Most developers are grown up enough to manage themselves… most of the time. Therefore, although I have run waterfall processes, I really recommend agile development because it gives developers their independence while regularly confronting them with the realities of “the real world”. A key role to help them in this process of “confronting the facts”, is the requirement manager (e.g. product owner). He/she brings analytical domain expertise but also the product evangelism that aligns the development team around the product features. Getting people to agree is much easier when they already agree about something; Therefore, having your teams agree with your requirement managers makes it much easier for them to agree “together” on how they will design, build and test software. My experience, as product owner in a high frequency derivatives trading environment, is that the biggest challenge in product management is aligning commercial expectations and development throughput. That brings up the subject of a development’s team productivity and good places to look for it are in architecture, QA and build management.
Architecture, quality assurance, and build management are magical ingredients to software development: get them right and you rarely need to revisit them, but get them wrong, and they will drag you through hell, especially hell of lost productivity, productivity that often makes the difference between success and failure. One thing these three development processes have in common is that they are not needed to start development. Another is that they are best managed as a “coordinated” solution across development, and not as an assembly of different solutions: you want to have one build management, one architecture, one notion of QA. That does not necessarily mean one “uniform” solution, good solutions often have a granularity of diversity, but there is an optimal balance of overall cohesion versus local choices. And that is what make these particularly tricky to manage, both as a team effort and as part of development management.
There are two key understanding in team management, independently whether it is a top-down style of management or a self-managed team: The first is very tight relation between what can be changed and what should not be changed, the second is the importance of sharing knowledge and beliefs among all team members.
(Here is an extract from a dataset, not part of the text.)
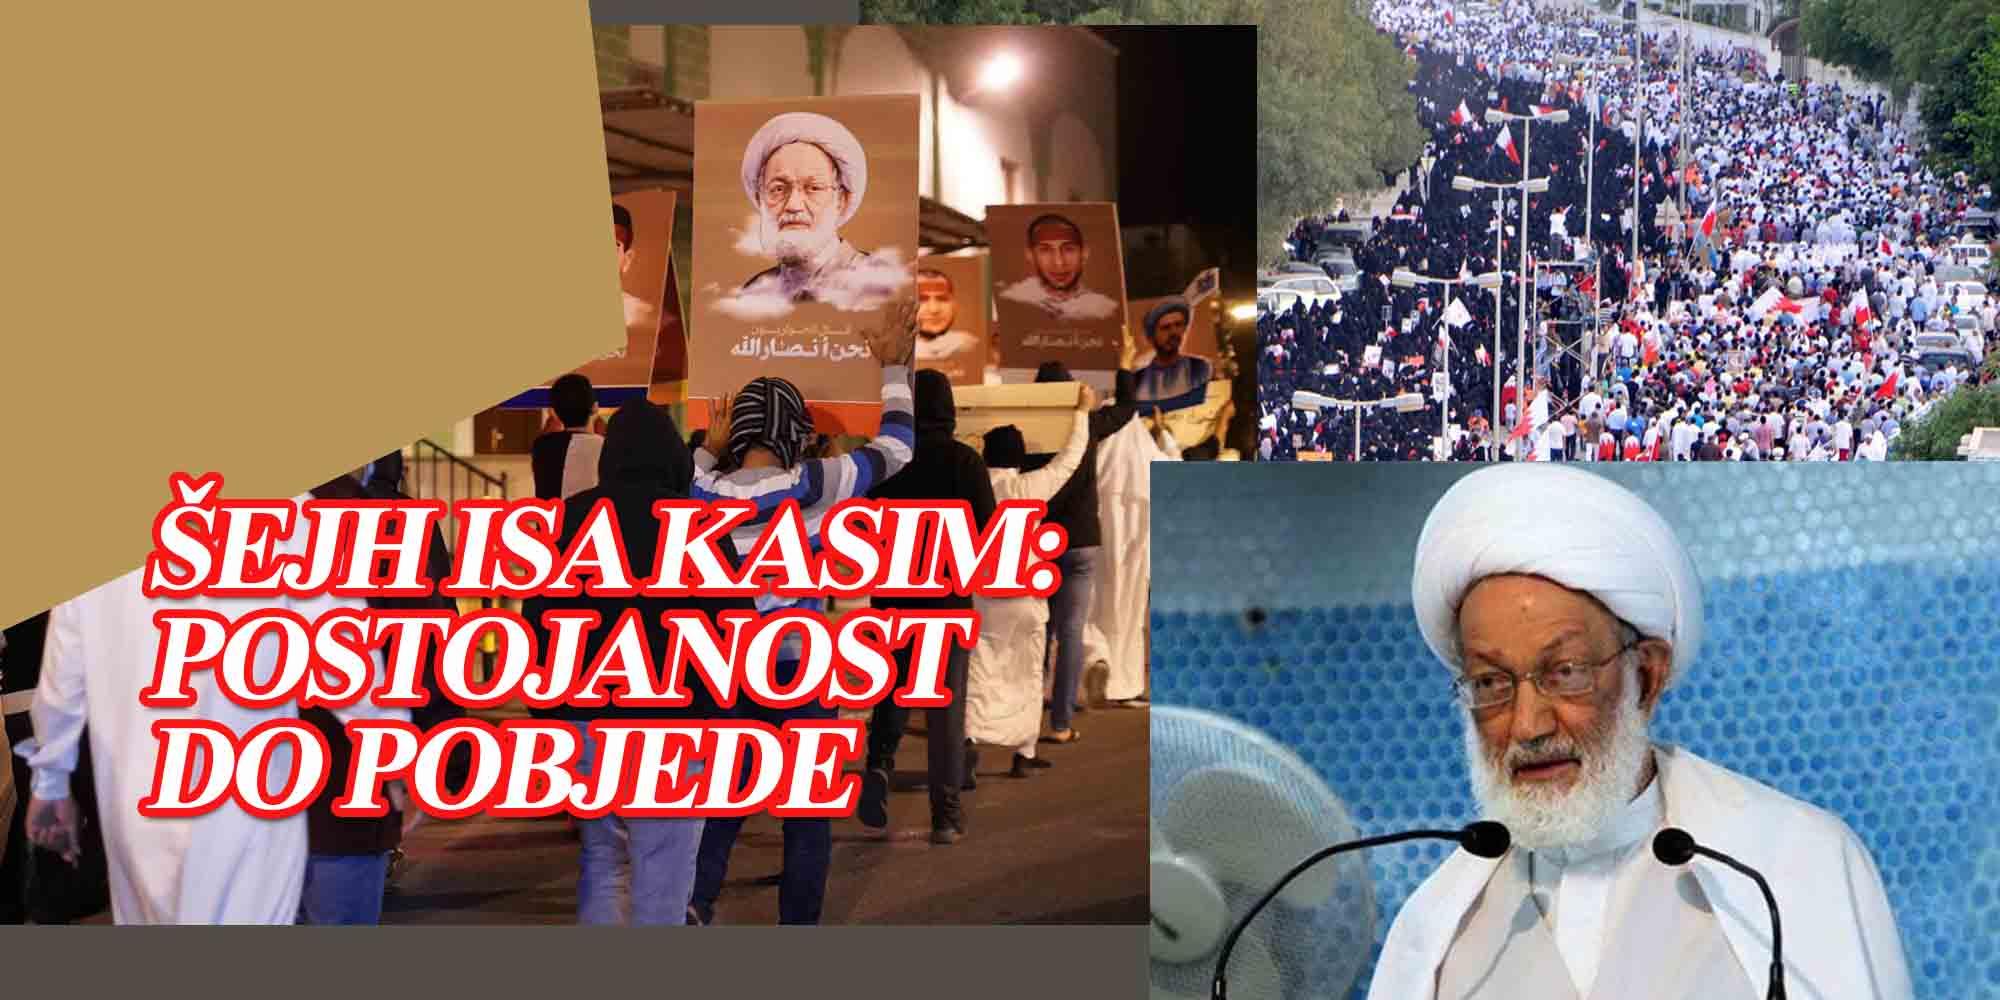 Šejh Isa Kasim na desetoj godišnjici narodne revolucije u Bahreinu: Postojanost do pobjede

I will not dig deeper in the importance of sharing, there is no notion of team without it, yet first is crucial to understand how to manage cross team activities, especially with regards to productivity. The reasoning is as follows:
- To improve productivity it makes sense to change things; It makes sense that you look for a better architecture (e.g. refactor designs), a better build system (e.g. bring in a new tool), a better test coverage (e.g. new tests).
- Yet making changes makes less sense when near optimum productivity.
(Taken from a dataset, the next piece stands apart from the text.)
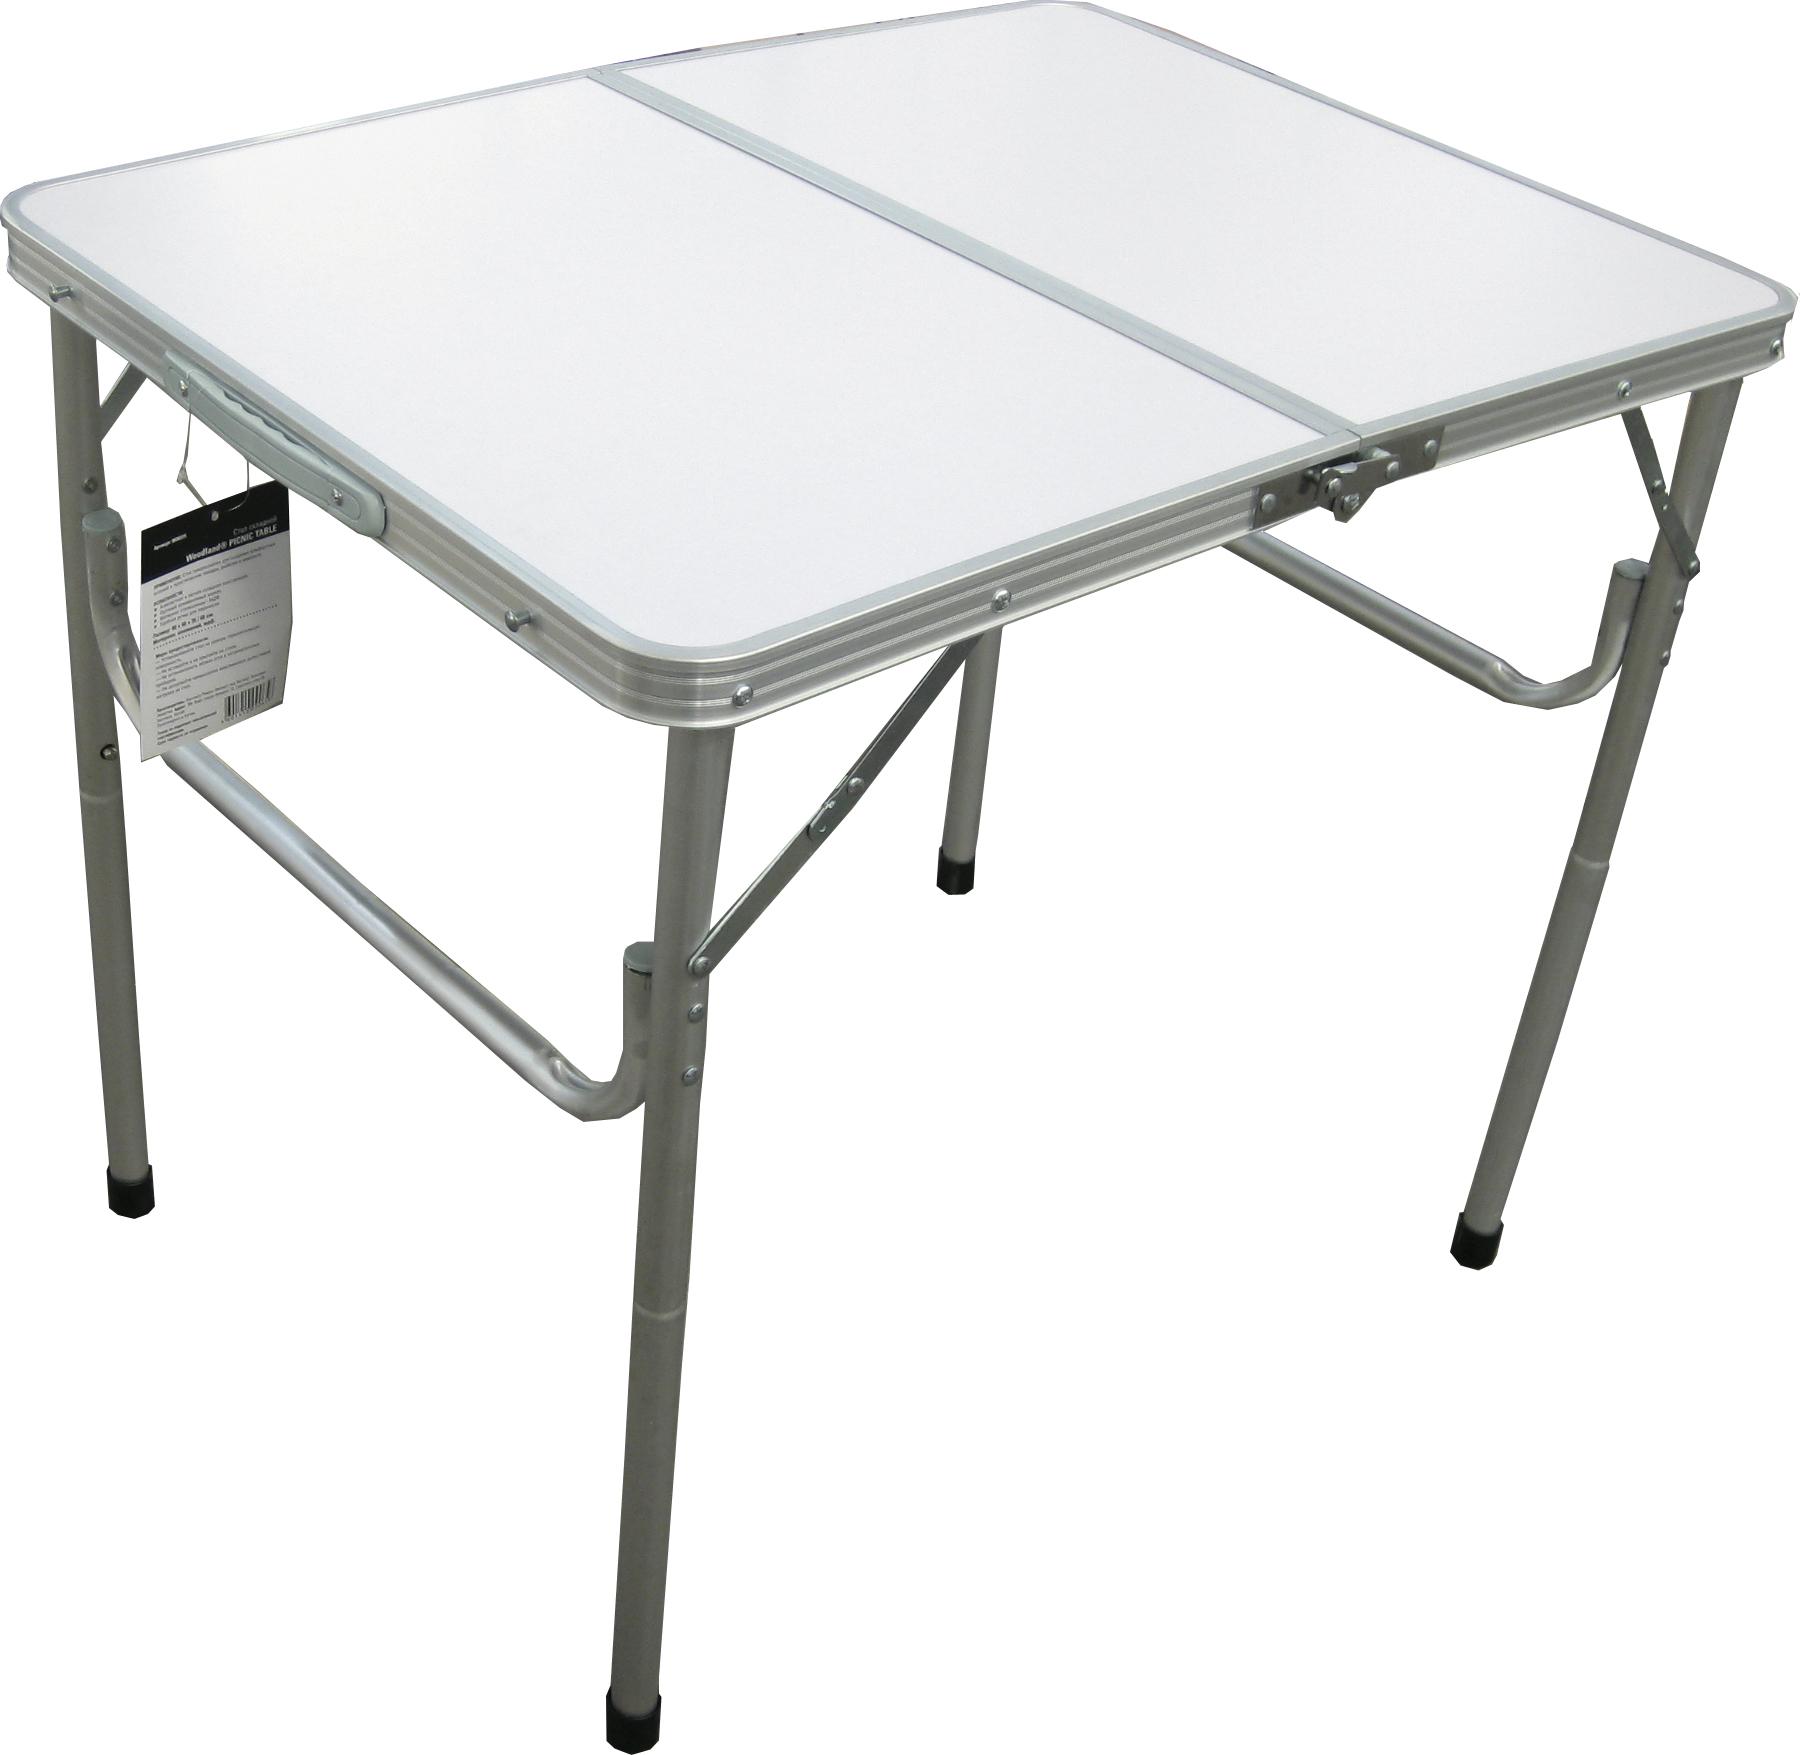 Стол Woodland Picnic Table Luxe, складной, 80 x 60 x 67 см Столы<br>МОДЕЛЬ: Picnic Table U С отверстием под зонт. МАТЕРИАЛЫ: <br>Алюминий МДФ РАЗМЕР: 120 x 60 x 67 см. ВЕС: 3,2 кг. <br>Компактная складная конструкция. Прочный <br>алюминиевый каркас. Материал столешницы <br>- МДФ. Удобная ручка для переноски. Максимально <br>допустимая нагрузка 30 кг.<br>

The consequence of this is that your number one mission as a development manager is to help your teams track their productivity, stay aligned around their commitments (e.g. encourage discipline and hard work!), and that they maintain a common and realistic notion of “optimality”. Achieve this, and your development team will know what to change and when to make changes. They will decide if it is worth investing to improve the architecture, the build system or the QA.
Pain point in all of this is achieving that REALISTIC notion of optimality, and getting agreement around a “discount factor” for sustainability, no everything should be 100% sustainable. Give your requirement management the mission to evangelize all with their product oriented view of realism. Getting the right balance in what is sustainable and not really depends on your budget!
1 comment:
Very interesting read James. Since these days I'm now responsible for a few greenfield software development projects, it's useful to get the perspective of someone who has "been there, done that, got the t-shirt" so to speak. The difficulty I face is in trying to align developers who perhaps want to write a "perfect" solution with business reality and the need to deliver something in such a way for projects not to be deemed a commercial failure. It's a tough life!